3D Printed Organs Help Make Radiotherapy More Precise

By Chuck Seegert, Ph.D.

Tumors and organs from cancer patients have been replicated by 3D printing, making it possible to precisely determine the dosage of radiotherapy for the tissue. Early studies show that the models accurately copy the tumor and the surrounding organs, which helps calculate how much radiation needs to be applied to the site.

The 3D printed models, which are called “phantoms,” are replicates that mimic the size and density of tissue in the human body. These replicas have been used in conventional radiology for some time to test imaging equipment without unnecessarily exposing a patient to radiation. Sometimes phantoms are used to help calibrate equipment, and other times they are used to help train personnel.

Now, however, phantoms have been used to help assist in patient treatment, according to a recent press release from the Institute of Cancer Research. The phantoms were developed out of a desire to improve molecular radiotherapy, which is the delivery of radioactive isotopes into the body. The radioisotopes are often injected and then localized by natural processes into a target tissue where they attack a tumor.

A consistent challenge in molecular radiotherapy is to provide enough radiation to kill the cancer cells while sparing the surrounding healthy tissue, according to the press release. After making the 3D printed plastic models, the researchers subjected the replica to the same radioactive liquid that is used to treat patients. This helped predict the effects that the radiotherapy would have on that specific patient. The researchers could then specify the maximum amount of dosage that could be delivered safely.

The research team originally made phantoms by hand, but reports on how 3D printed models have been used for surgical planning got them thinking about how it might help in their work. Using the 3D models helped the team perform complex radiotherapy calculations more accurately — something that is a significant challenge with 2D information.
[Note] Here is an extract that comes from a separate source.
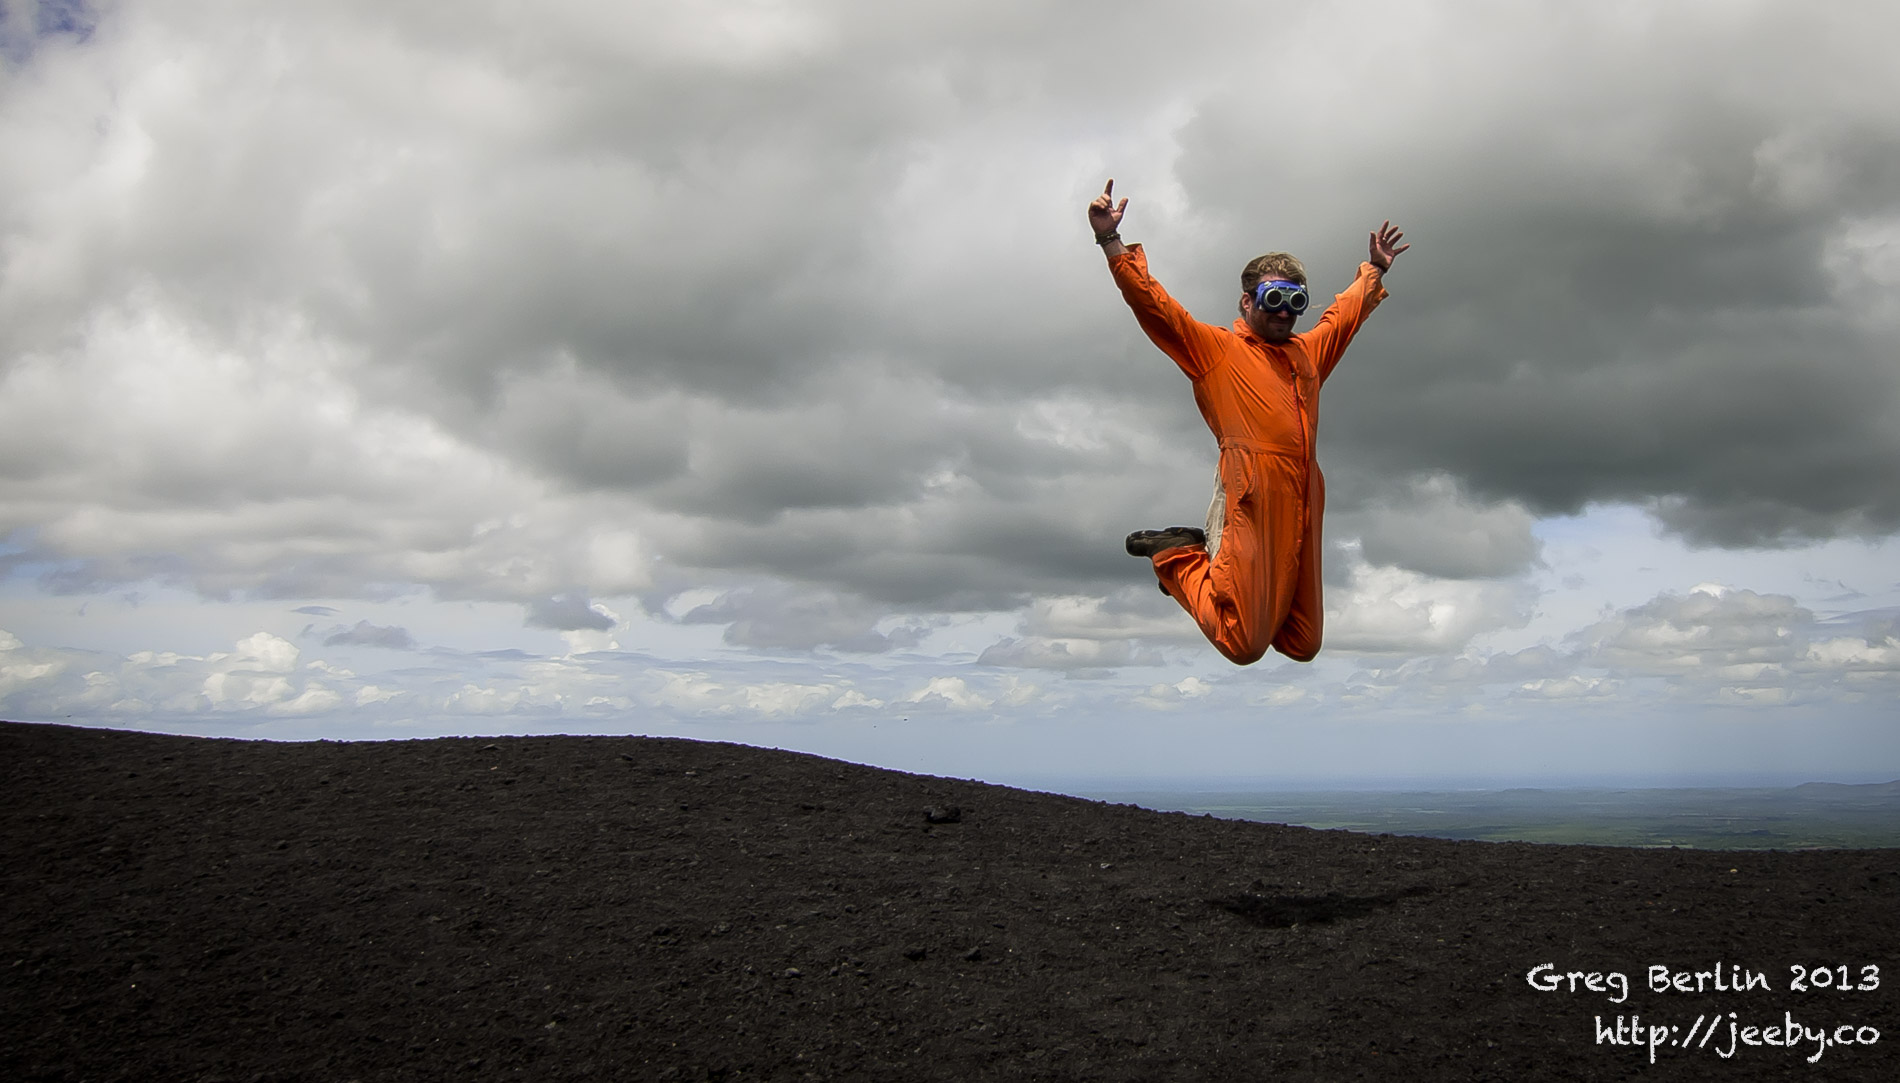 2013-Volcano-boarding-jump.jpg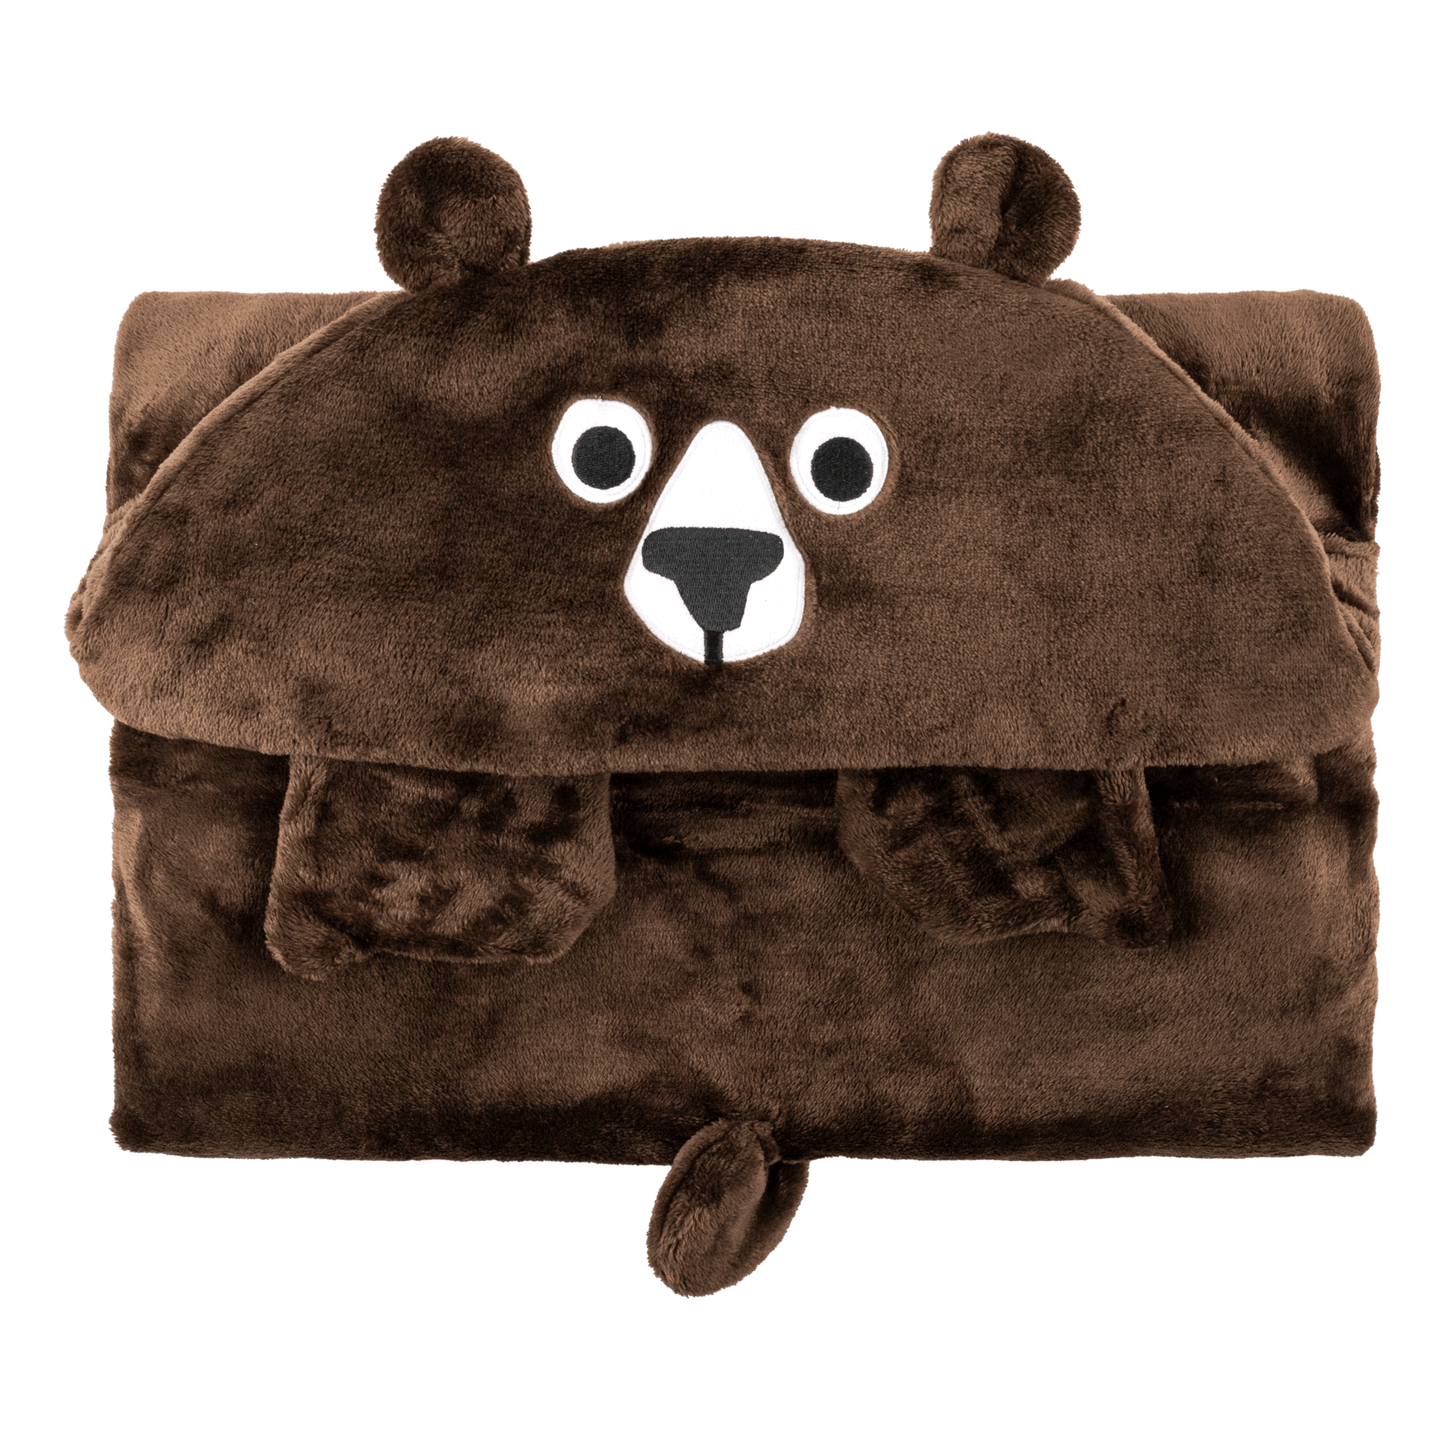 Zoocchini Wearable Hooded Blanket - Bear

“The big challenge we faced was to produce a model that was both anatomically accurate and allowed us to monitor the dose of radiation it received,” said study co-leader Dr. Jonathan Gear, a clinical scientist in the Joint Department of Physics at The Institute of Cancer Research, London and The Royal Marsden NHS Foundation Trust, according to the press release. “We found that the printed replicas could give us information we couldn’t get from 2D scans – you will always get more information from a 3D model than a flat image.”

Additive manufacturing has been rapidly developing in the medical device space for a number of applications. Rapid prototyping is a significant benefit of 3D printing, but iterating new designs is not its only use. Recently, the FDA approved a 3D printed implant system for custom craniofacial reconstructions.